Аста хватала ртом воздух и чувствовала, как подгибаются колени, как выскальзывает оружие из немеющих пальцев, и все вокруг перед глазами становится таким же мутным, когда смотришь на него через целлофан. Зажигалка, чем-то кольнувшая под левым ухом, шлёпнулась на разорванный линолеум, а Креспин выпрямился, вытянул ногу из дыры в полу и шагнул вперёд. Одним коротким ударом в подбородок он свалил женщину на пол и взял телефон со стола.
Из динамика картаво орал перепуганный неизвестный:
— Аста?! Чтоб ты сдохла тысячу раз, тупая крашеная сука! Что там происходит?!
Креспин отключил громкую связь. Повертел мобильный в руках, определяя его конструкцию. Сдвинул крышку аккумуляторного отсека. Вытащил батарею, карту памяти и сим-карту.
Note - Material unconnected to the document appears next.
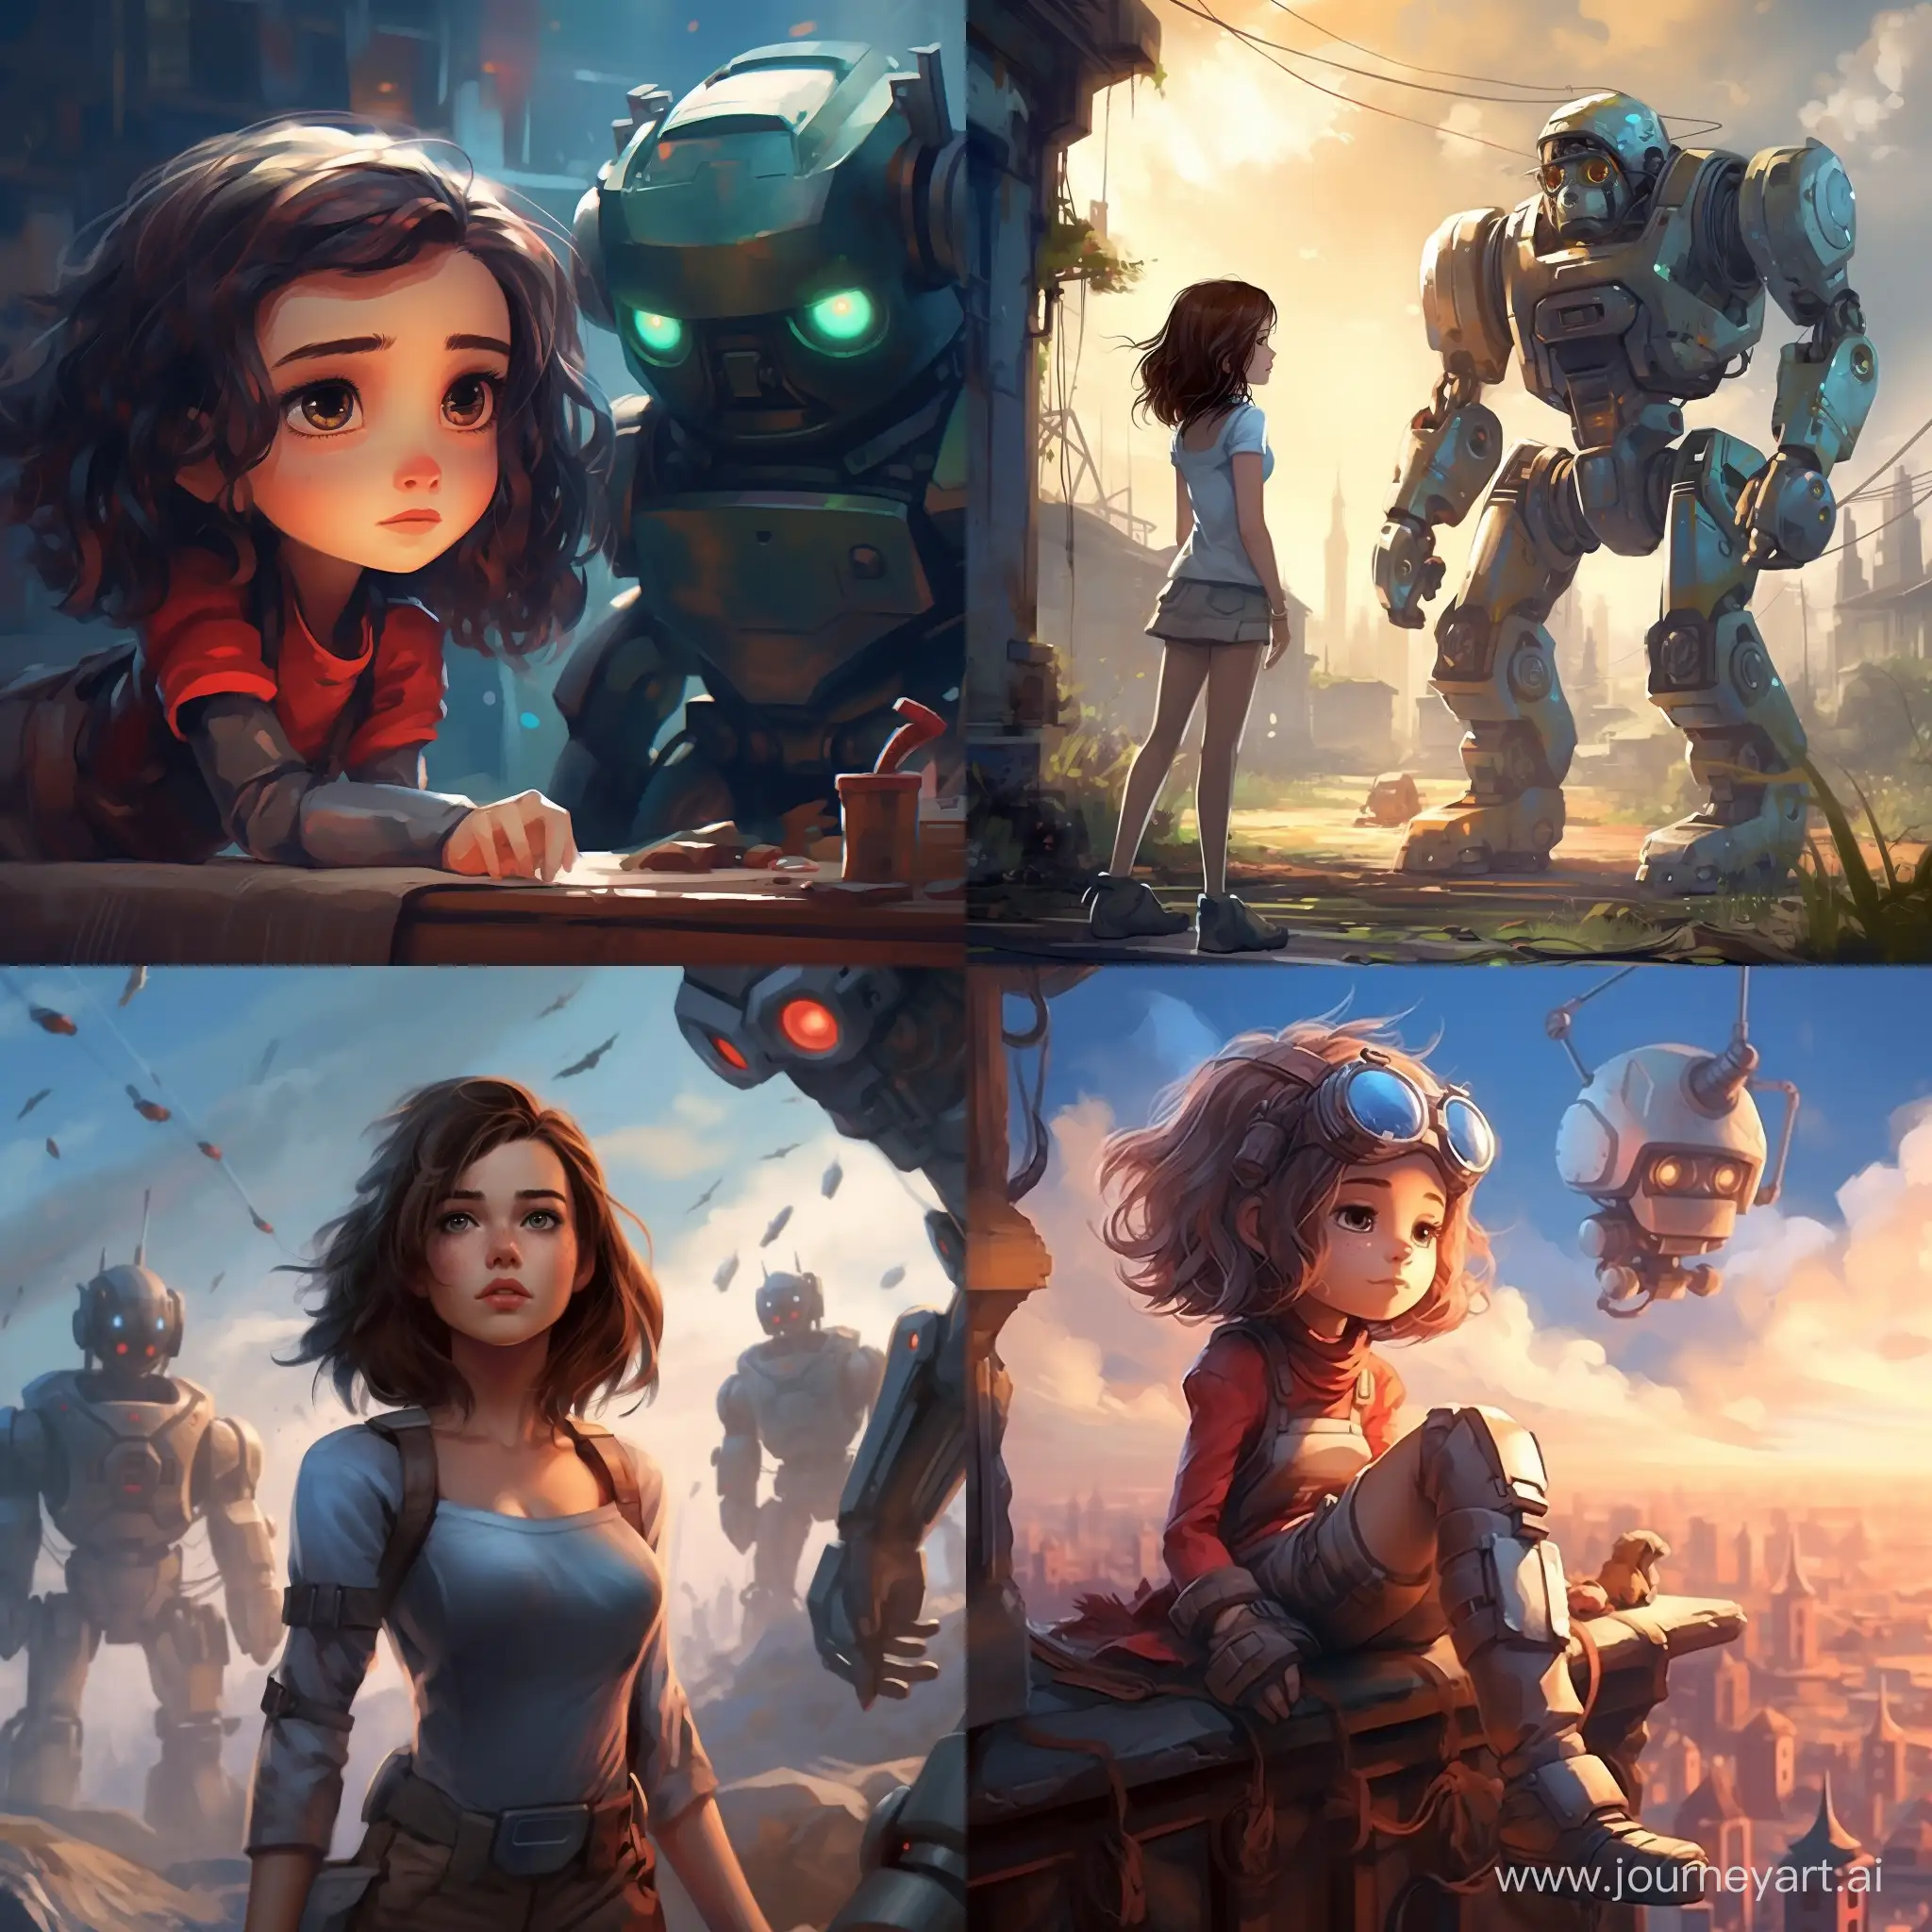 Adorable-Robot-Girl-Named-Arnold-in-Atmospheric-Perspective

Положил телефон на край стола дисплеем вниз, секунду подумал и переломил его надвое. Потом он осмотрелся, отыскал зажигалку, подобрал оружие и направился в другую комнатушку. Когда вернулся с обрывками электрического провода, Аста уже смогла преодолеть ползком полметра до двери на лестницу. Он схватил её за щиколотку над ремнями обуви и протянул волоком обратно. Каблук на второй ноге, попавший в трещину в полу, переломился. Отшвырнув обломок в сторону, Креспин пошарил взглядом по стенам. Удовлетворённо кивнув самому себе, он проверил пульс женщины и занялся приготовлениями к разговору, который пройдёт по его сценарию. Без суфлёра…
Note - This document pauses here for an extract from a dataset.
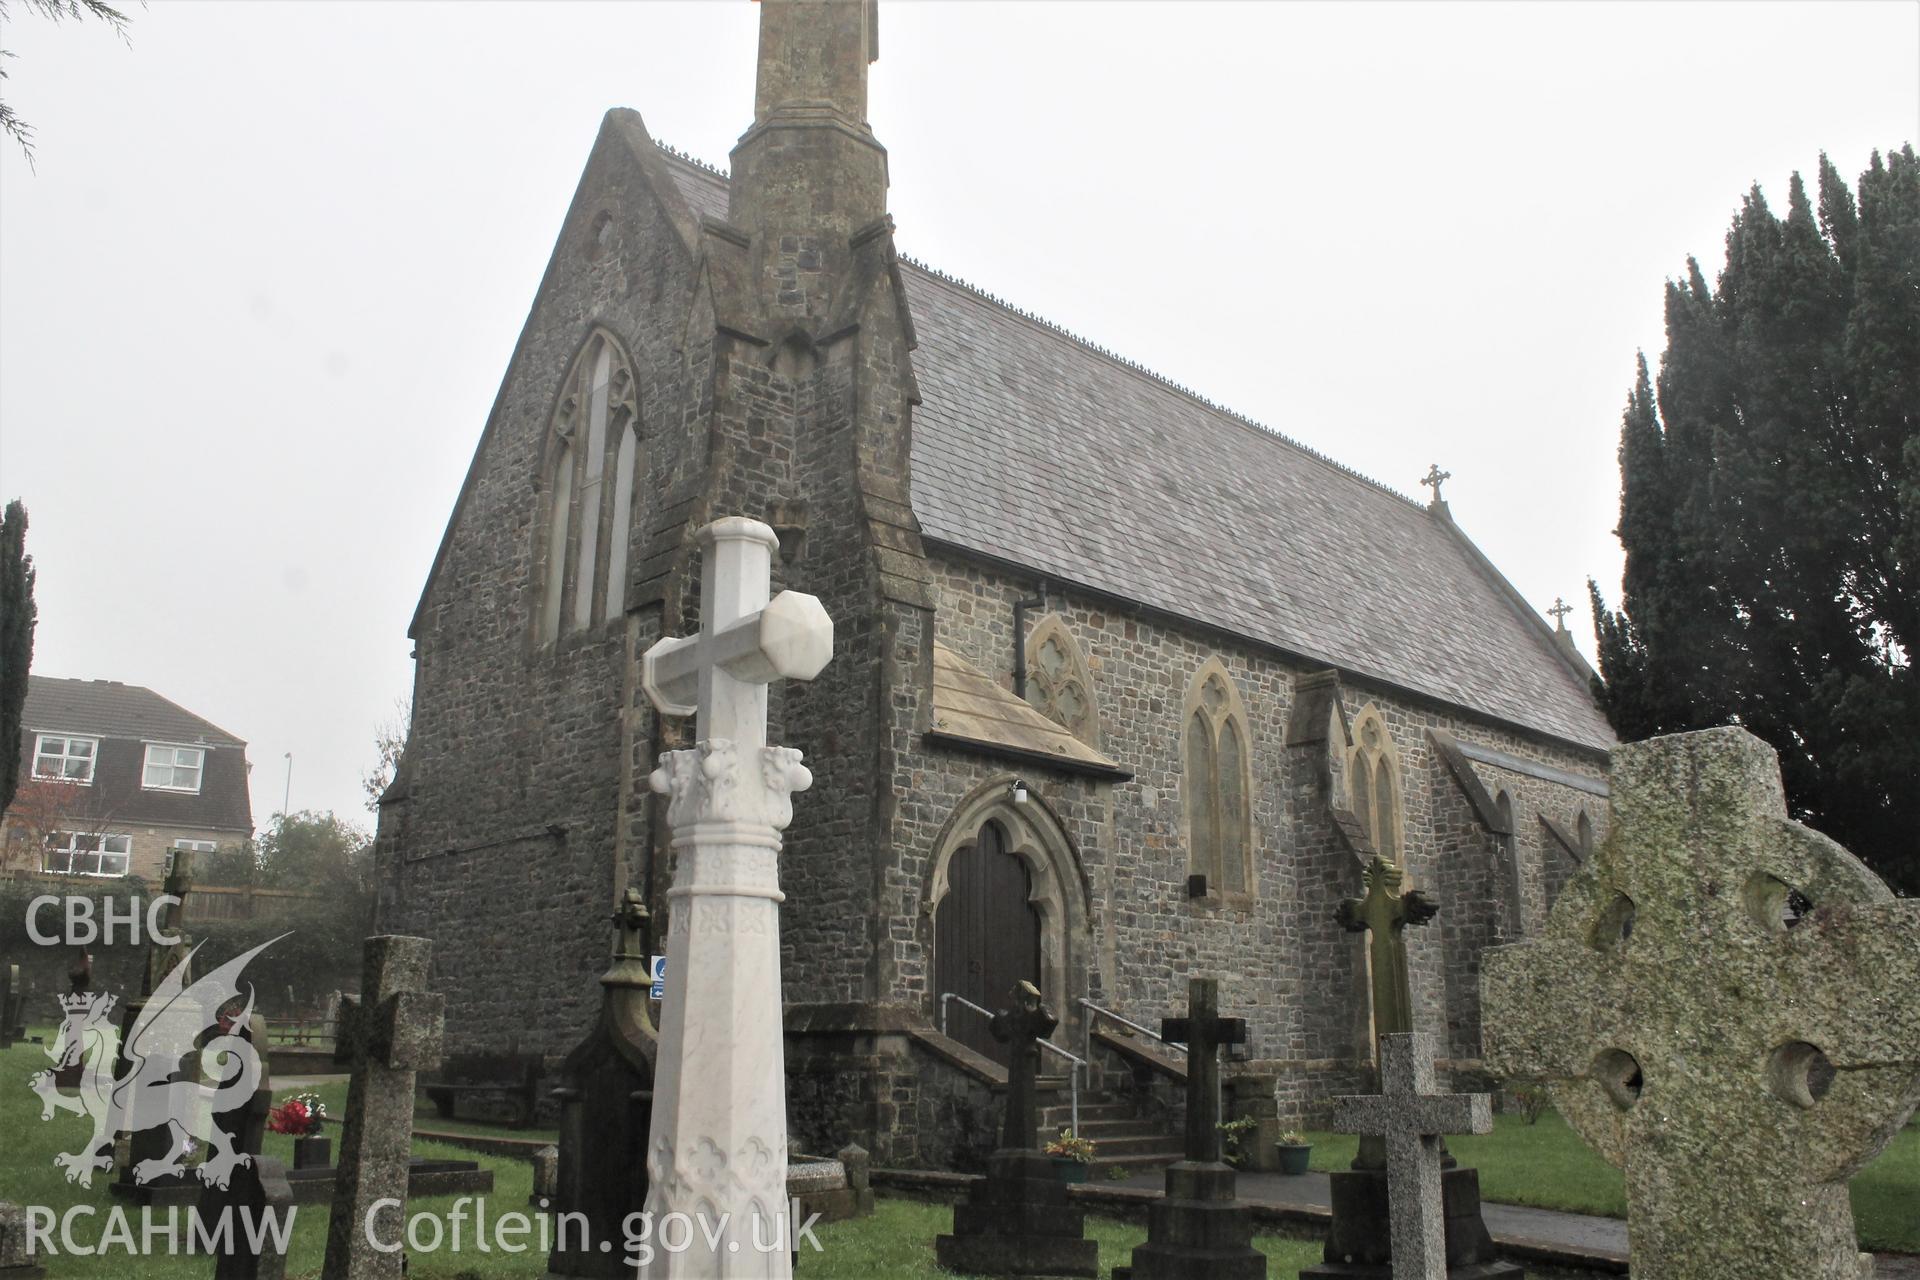 Digital colour photograph showing exterior of St Mary's Catholic church, Carmarthen.

Аста пришла в себя достаточно быстро и сразу все осознала. Лёжа на полу многое не сделаешь — особенно, если не получается пошевелить даже кончиком языка и с трудом можешь дышать. Двери открыты, на окне нет решёток, этаж второй, а покинуть это здание невозможно. И дело не в том, что в трёх шагах вооружённый её же пистолетом профессионал, который за долю секунды одним неуловимым движением размазал о заплёванный линолеум всю её хвалёную подготовку. Голова была ясной, мозг функционировал как всегда чётко, а тело не желало отзываться на его приказы. Она понимала, что ей впрыснули какой-то странный яд и его обездвиживающее действие не будет длиться вечно. Он или прикончит её через некоторое время, или позволит пожить ещё достаточно. А там, как повезёт.
Вновь пошёл дождь. Сначала забарабанил по карнизу редкими каплями, а потом заскрёбся в стекло и слился в сплошной шум. В пробитую пулей дыру ворвался поток холодного и сырого воздуха. Креспин вдохнул полной грудью и скривился — вместо свежести в помещение хлынул запах помойки.
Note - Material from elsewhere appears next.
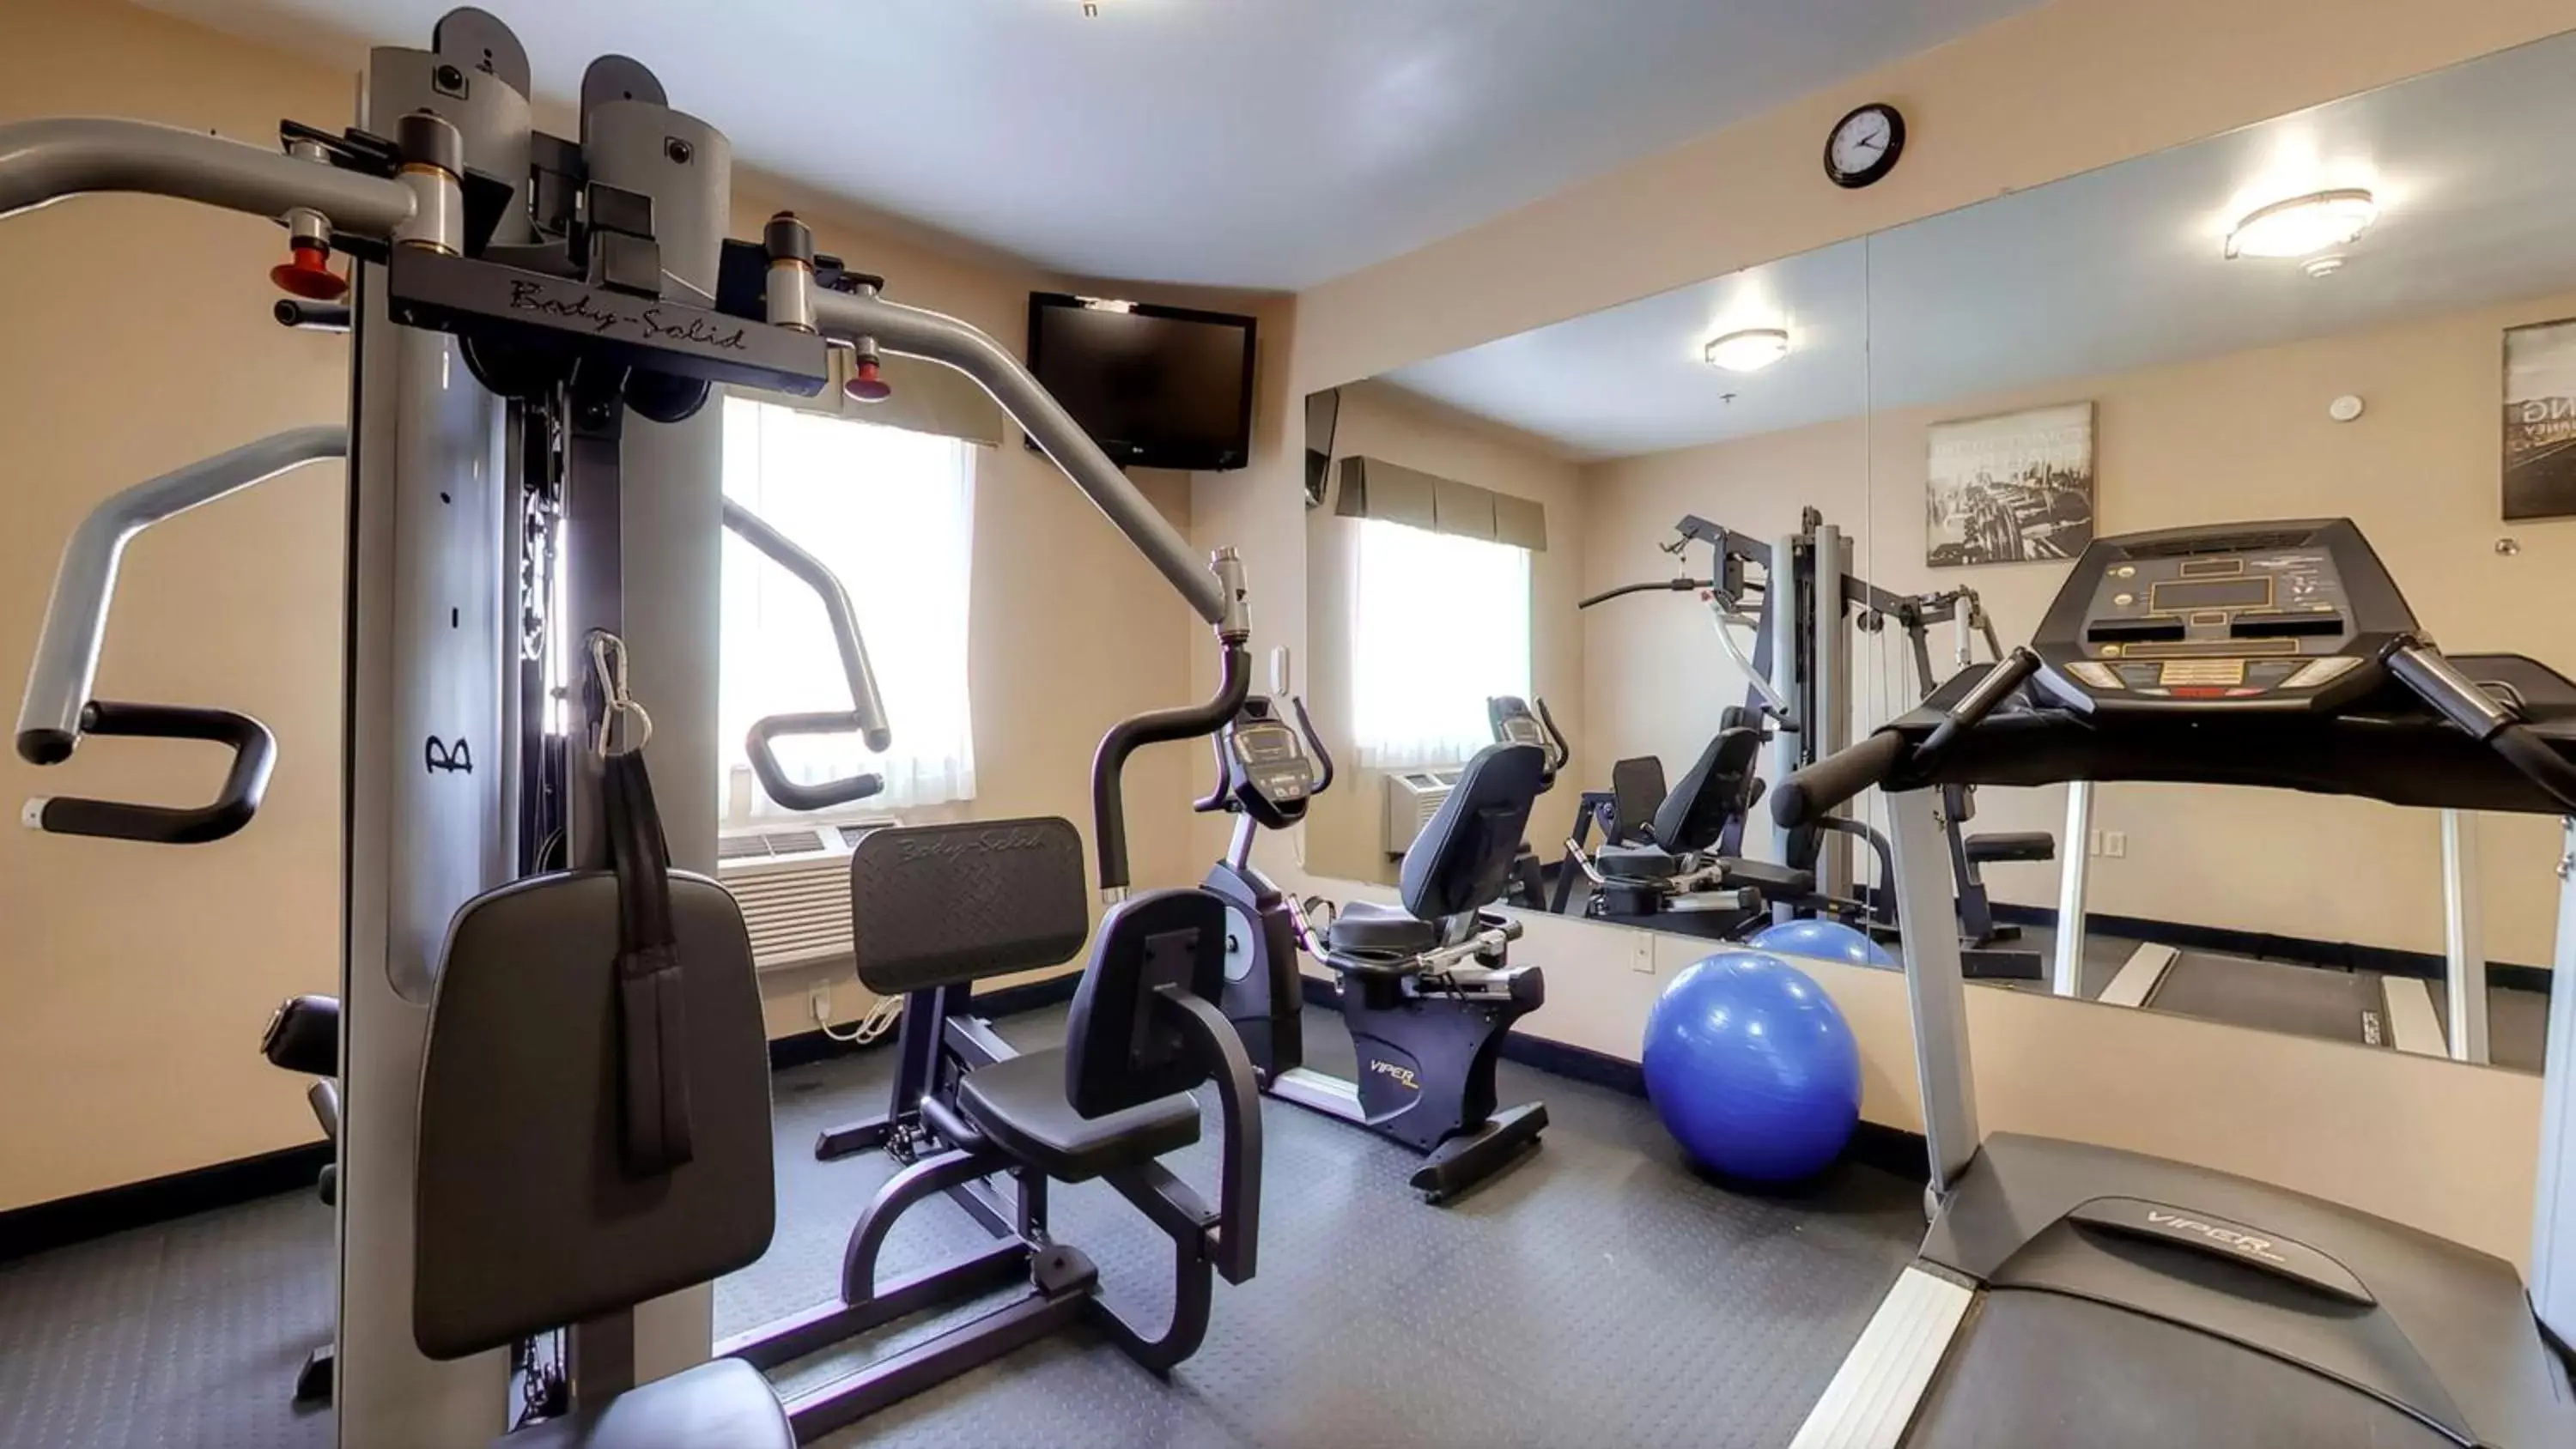 Fitness centre/facilities, Fitness Center/Facilities in Best Western PLUS University Inn Marion

Он смотрел на отражение лежащей женщины, перечёркнутое острыми гранями трещин в стекле. Она смотрела в спину человека, который уже несколько минут задумчиво вглядывался в темноту сквозь мокрое стекло, засунув руки глубоко в карманы плаща и склонив голову набок. Тогда она непроизвольно моргнула в ответ этому отражению, но хоть и сохранила остатки самообладания, тут же побледнела. Больше всего ей сейчас хотелось оказаться за несколько кварталов от этой спины и никогда в жизни не видеть, как струйки воды жутко искажают десяток отражений мрачного лица. Глаза наполнились слезами отчаяния, и она отвела взгляд, рассматривая полоску тусклого света из-под приоткрытой двери.
— У тебя противоядия нет?
Мужчина у окна не обернулся, но в его вопросе прозвучал неподдельный интерес. Он подождал несколько секунд и добавил:
— Да — глаза закрыты. Нет — наоборот. Все понятно?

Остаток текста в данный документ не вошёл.